È la mattina del 12 febbraio 1980, verso le 11,35, quando una ragazza raggiunge il professor Vittorio Bachelet sulla scalinata della facoltà di Scienze Politiche alla Sapienza di Roma. Lo afferra per una spalla costringendolo a voltarsi e insieme all’uomo che la accompagna gli scarica addosso otto proiettili calibro 32. Il docente universitario che aveva appena finito di tenere una lezione ai suoi studenti si accascia al suolo e muore davanti agli occhi dell’assistente, la 29enne Rosy Bindi. A firmare la condanna sono Annalaura Braghetti e Bruno Seghetti, due militanti di spicco della colonna romana delle Brigate Rosse.
Titolare di una cattedra di diritto amministrativo, Vittorio Bachelet era nato a Roma nel 1926 ed era al momento della morte vicepresidente del Consiglio Superiore della Magistratura. Nel comunicato successivo all’omicidio, i brigatisti lo accusano di aver assunto “il controllo delle attività giuridiche dei singoli magistrati” assicurandone “un collegamento organico all’esecutivo”. Il giurista 53enne, ex presidente nazionale dell’Azione Cattolica ed esponente politico democristiano, pagò in realtà il suo impegno per la difesa dello Stato di diritto in un momento storico in cui l’ascesa del terrorismo giustificava la richiesta di leggi speciali presso ampi settori della società.

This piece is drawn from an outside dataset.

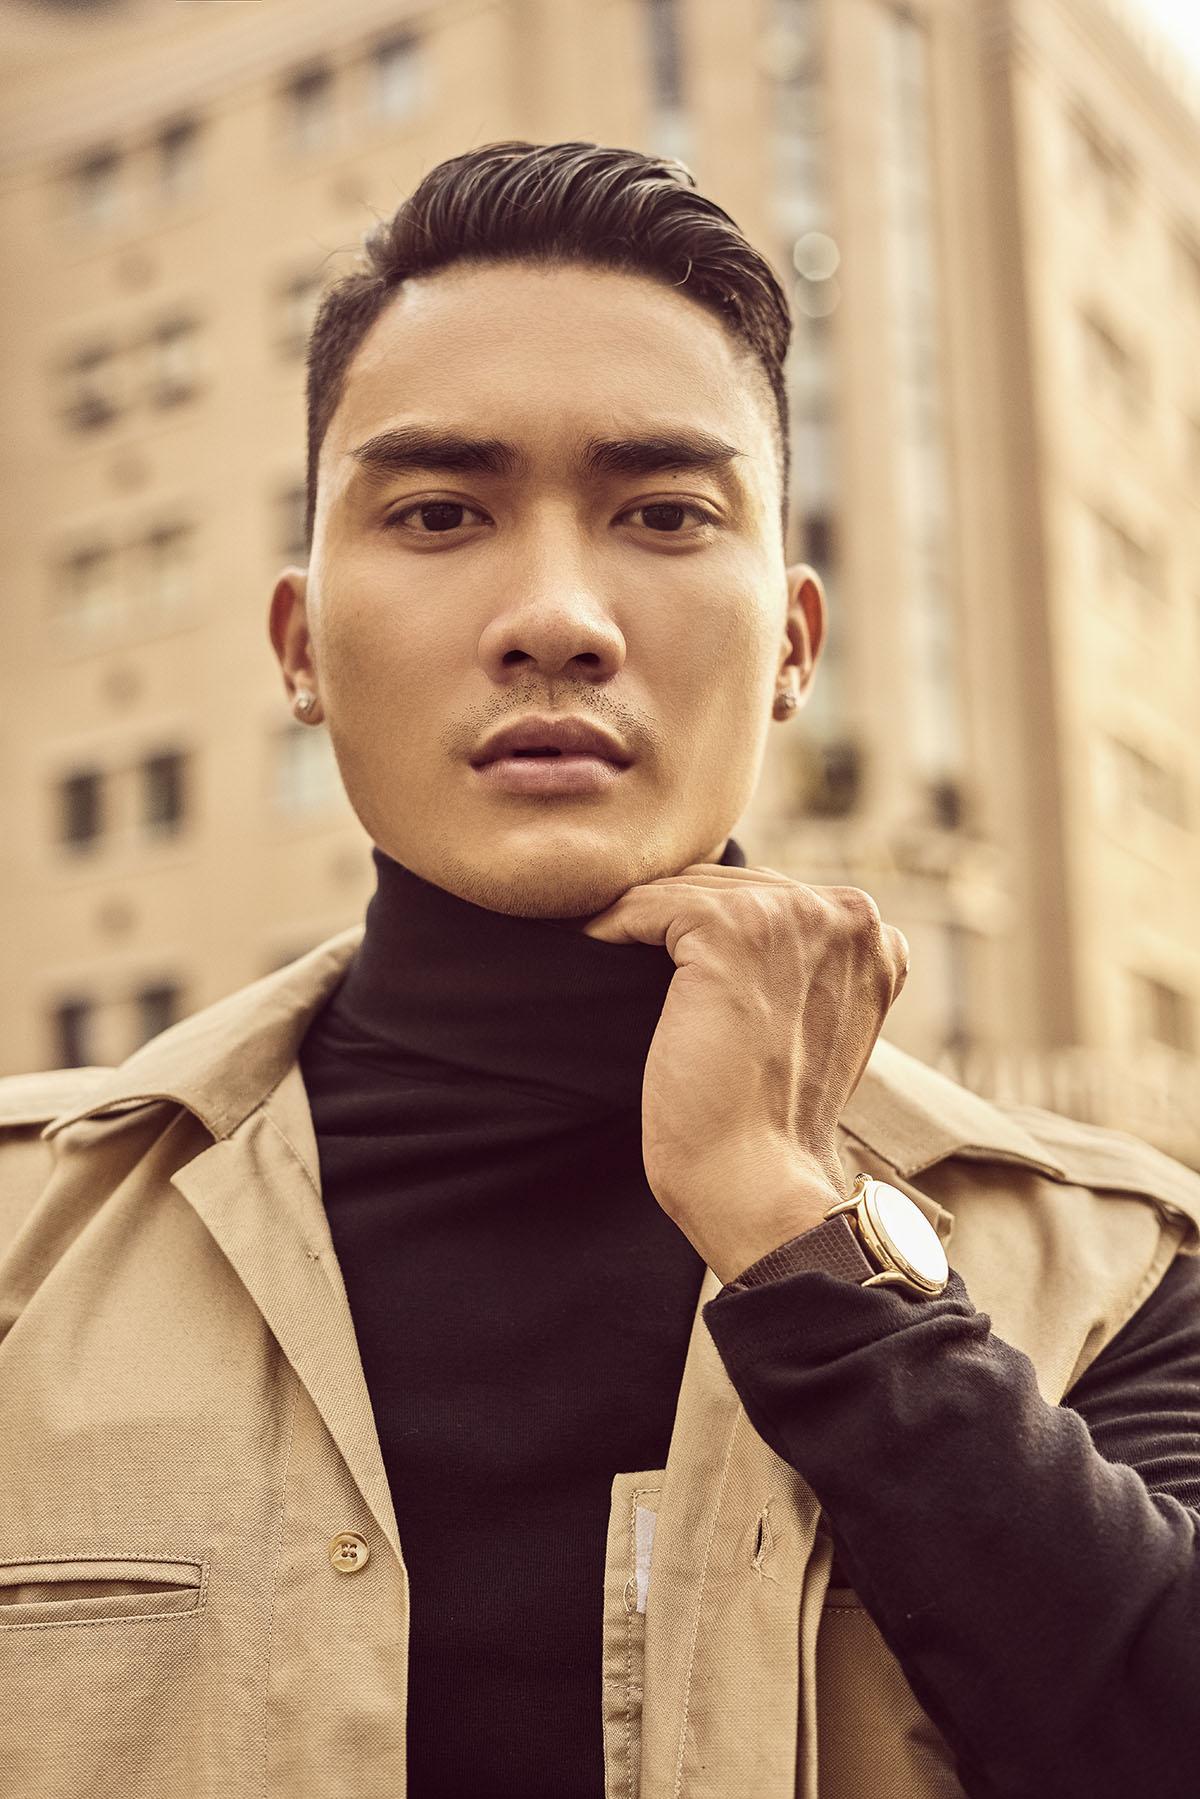 Lạnh lùng, nam tính, 'đẹp chuẩn soái ca', người mẫu Lương Gia Huy 'hớp hồn' fan nữ

Nell’aula di Assise del Tribunale di Cuneo, di fronte agli studenti del Liceo delle Scienze Umane ‘Edmondo De Amicis’ e del Liceo Artistico ‘Ego Bianchi’, la figura di Bachelet è stata ricordata stamane nel corso di un incontro pubblico cui hanno preso parte il presidente del Tribunale Paolo Demarchi, il presidente della sezione penale Marcello Pisanu, il procuratore capo Onelio Dodero, il presidente dell’Ordine degli Avvocati di Cuneo Claudio Massa e il professor Antonio Moschella in rappresentanza del Provveditorato agli Studi.
“Il messaggio di Bachelet, il suo invito all’autoresponsabilità, sta a significare che non dobbiamo attendere che altri risolvano i problemi che denunciamo ma che dobbiamo essere noi in prima persona a farlo” ha osservato l’avvocato Massa. Del grande magistrato cattolico sopravvive “un ideale di giustizia con compassione al quale ha sacrificato la vita, al pari di Giorgio Ambrosoli e Fulvio Croce” e soprattutto l’idea che “la giustizia non è strumento di vendetta ma di applicazione delle regole a un essere umano, a prescindere dalle colpe di cui si è macchiato”.
“Per sconfiggere fenomeni come il terrorismo, l’antisemitismo, la criminalità organizzata non servono caserme ma scuole” ha affermato il procuratore Dodero, tracciando un quadro storico di ciò che ha rappresentato in Italia la stagione degli anni di piombo: “Il terrorismo aveva seminato molto consenso fra la classe operaia e gli studenti, nelle assemblee dei licei dove non tutti erano in disaccordo con la lotta armata. Tutto cambiò il 24 gennaio 1979 con l’assassinio dell’operaio e sindacalista Guido Rossa da parte delle Br: la gente capì che si era passato il segno e ne nacque un’autentica rivoluzione civile”. Oggi, ha concluso il magistrato rivolto ai ragazzi, “avete la possibilità di essere liberi praticando le regole della democrazia” e perseguendo “una forma di eroismo che coincide con lo svolgere il proprio dovere”.